Why sex has evolved is an age-old problem. The prevalence of sexually reproducing species indicates that this mode of reproduction is superior to the asexual, non-recombining kind, but none of the proposed models for why sex evolved — that sexual recombination brings together beneficial mutations, purges the genome from harmful mutations or frees mutations from the burden of their genetic backgrounds — have been entirely satisfactory. The relative merits of each model have largely been fought on theoretical grounds; however, now Rice and Chippindale provide some welcome experimental backing for the last of these theories. By following the fate of a beneficial mutation in Drosophila strains, they have found that it is much more successful in recombining than in non-recombining lines, indicating that sexual recombination is required to bring new beneficial mutations into genetic backgrounds in which they can thrive.

The thinking and the experimental design behind the experiments in this paper are as follows. A mutation that arises on a non-recombining background has little say on the genetic company in which it finds itself. This is bad news for a mildly advantageous mutation, which can only hope to be fixed (that is, achieve a frequency of 100%) if it arises in a genome at the higher end of the reproductive fitness scale. If it doesn't, the advantage conferred by the mutation will be swamped by the overall low fitness of the genome in which it occurs. The same mutation occurring in a sexually reproducing genome, however, has more opportunities to sample different genetic environments — those produced through recombination — and to land in ones in which its success is unhindered by an unfavourable genetic background. This idea predicts that the frequency of a beneficial mutation will increase when propagated in a recombining versus a non-recombining lineage.

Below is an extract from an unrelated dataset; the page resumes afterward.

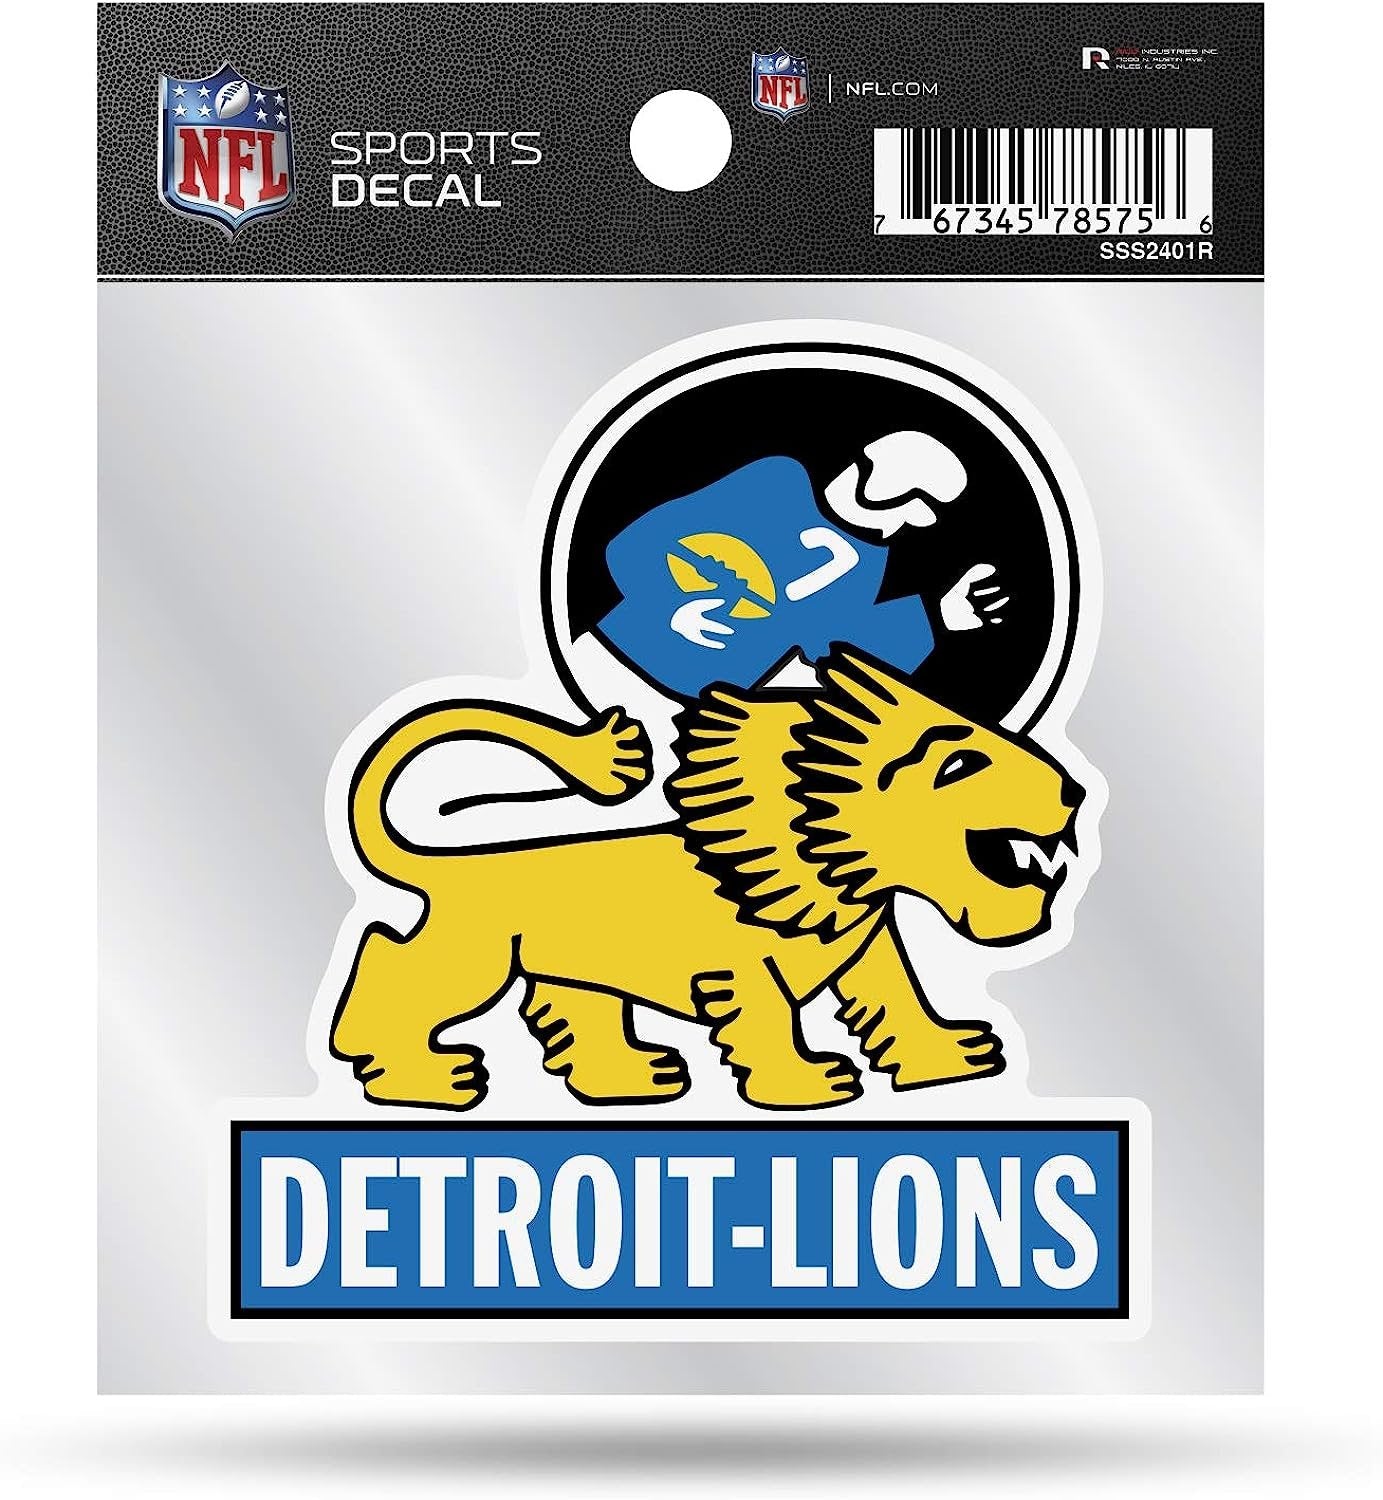 Detroit Lions 4x4 Inch Die Cut Decal Sticker, Retro Logo, Clear Backing

Using Drosophila, the authors followed the success of a beneficial white + allele (conferring red eyes) as it was passed down through ten generations of white (white-eyed) flies that were either recombining or non-recombining. Non-recombining flies were obtained by manipulating the female genome so that it propagated itself clonally (Drosophila males normally do not recombine). The experiment — repeated 34 times — invariably showed that the white+ allele accumulated more rapidly in the sexual population, supporting the idea that sex is advantageous because it accelerates adaptive evolution.

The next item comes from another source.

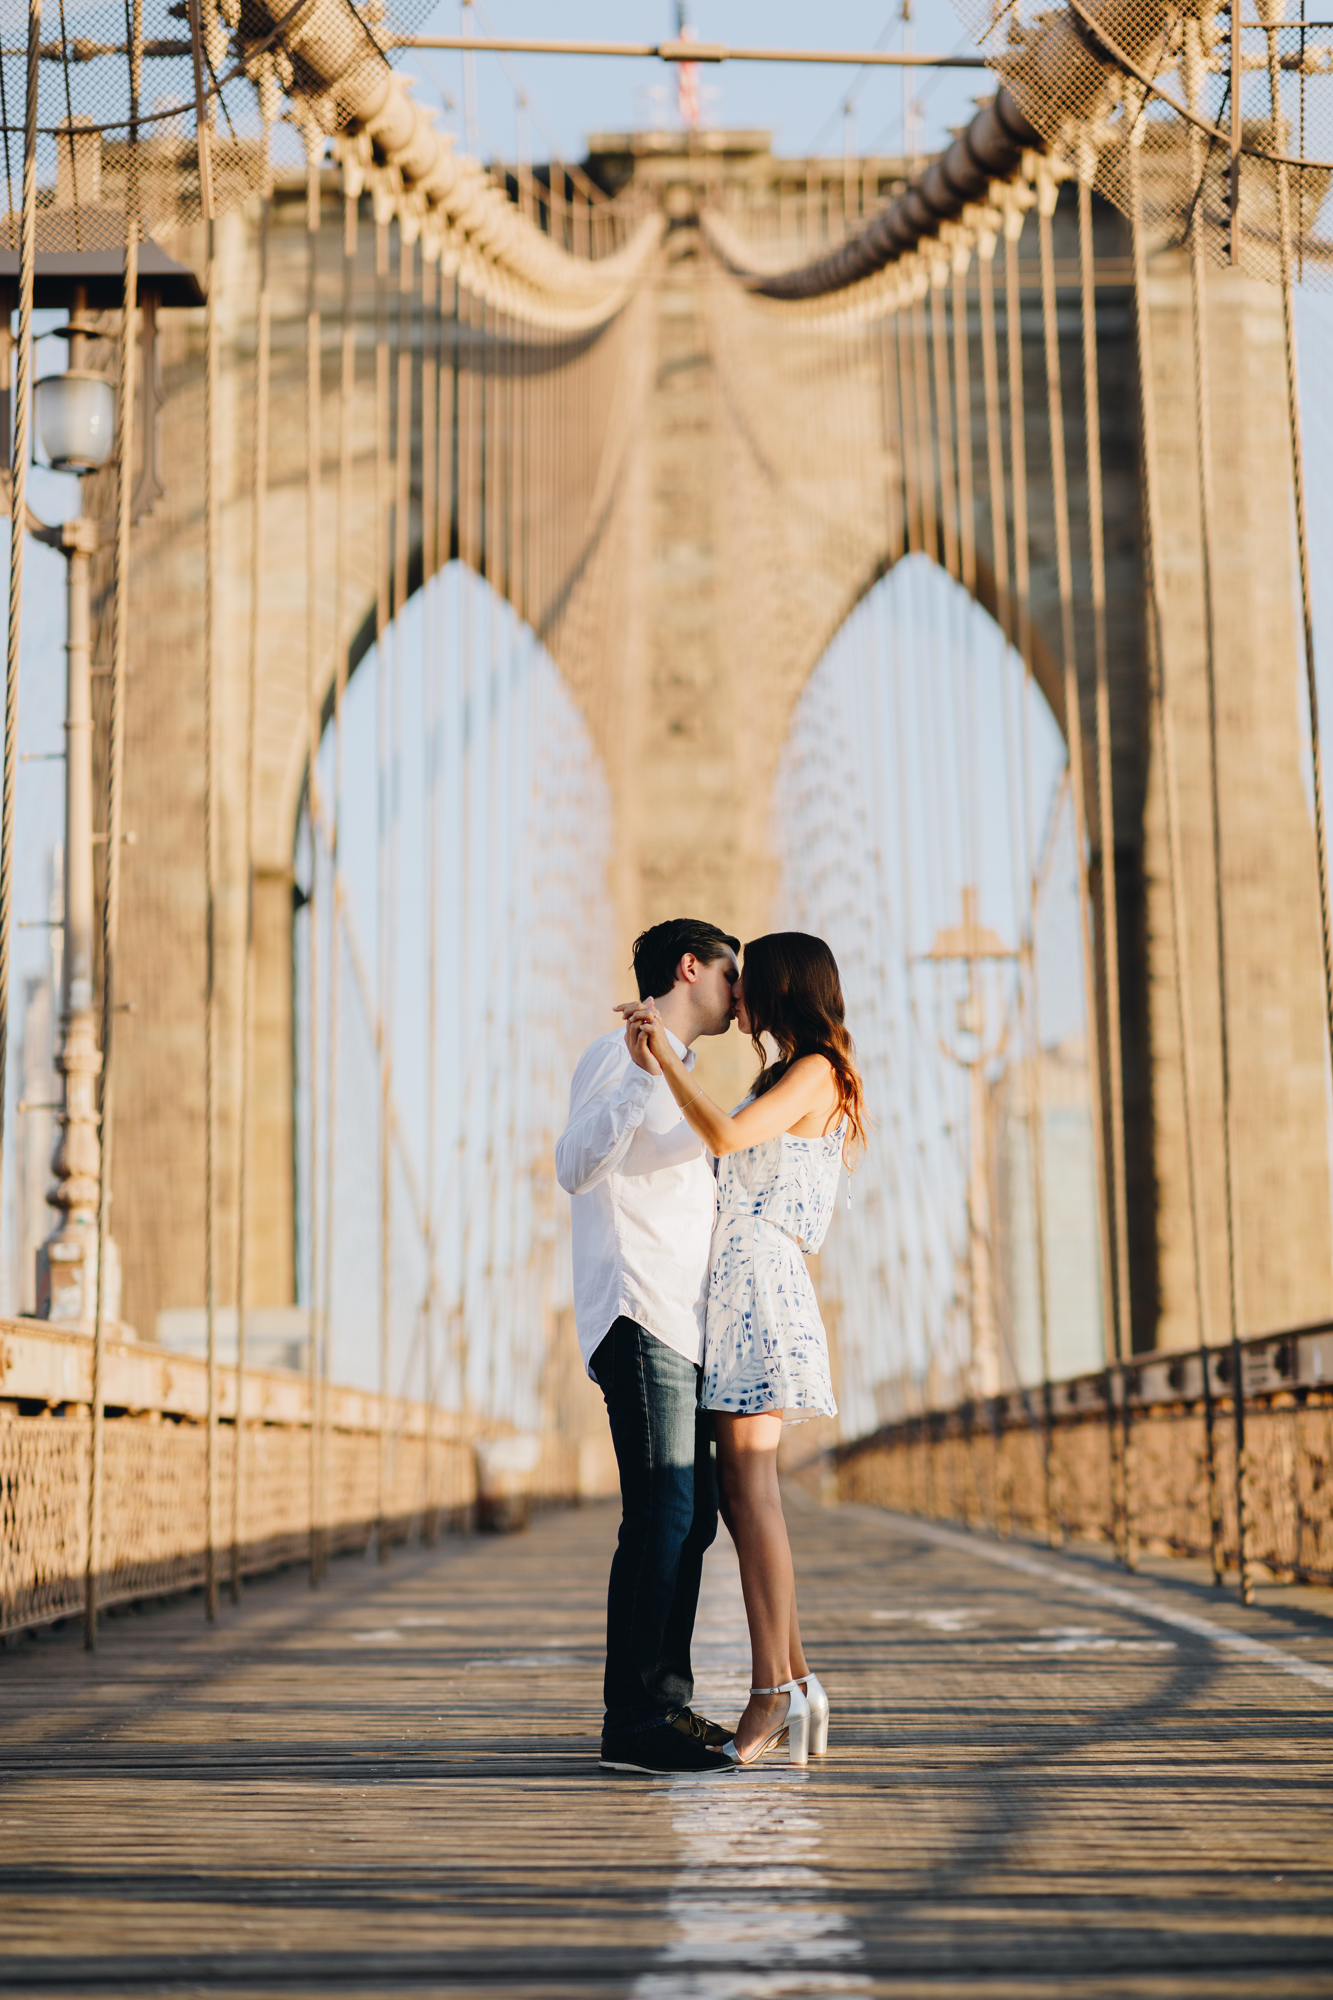 Magical Brooklyn Bridge Engagement Photos

Needless to say, the story doesn't end here. As Richard Lenski points out in an accompanying Perspective, two puzzles surround why sex evolved: why sexual reproduction came about in the first place and why it is maintained. This paper has found an answer (although probably not the only one) to the second of these questions, and also shows how incisive experimental design can complement theoretical studies of long-standing evolutionary issues.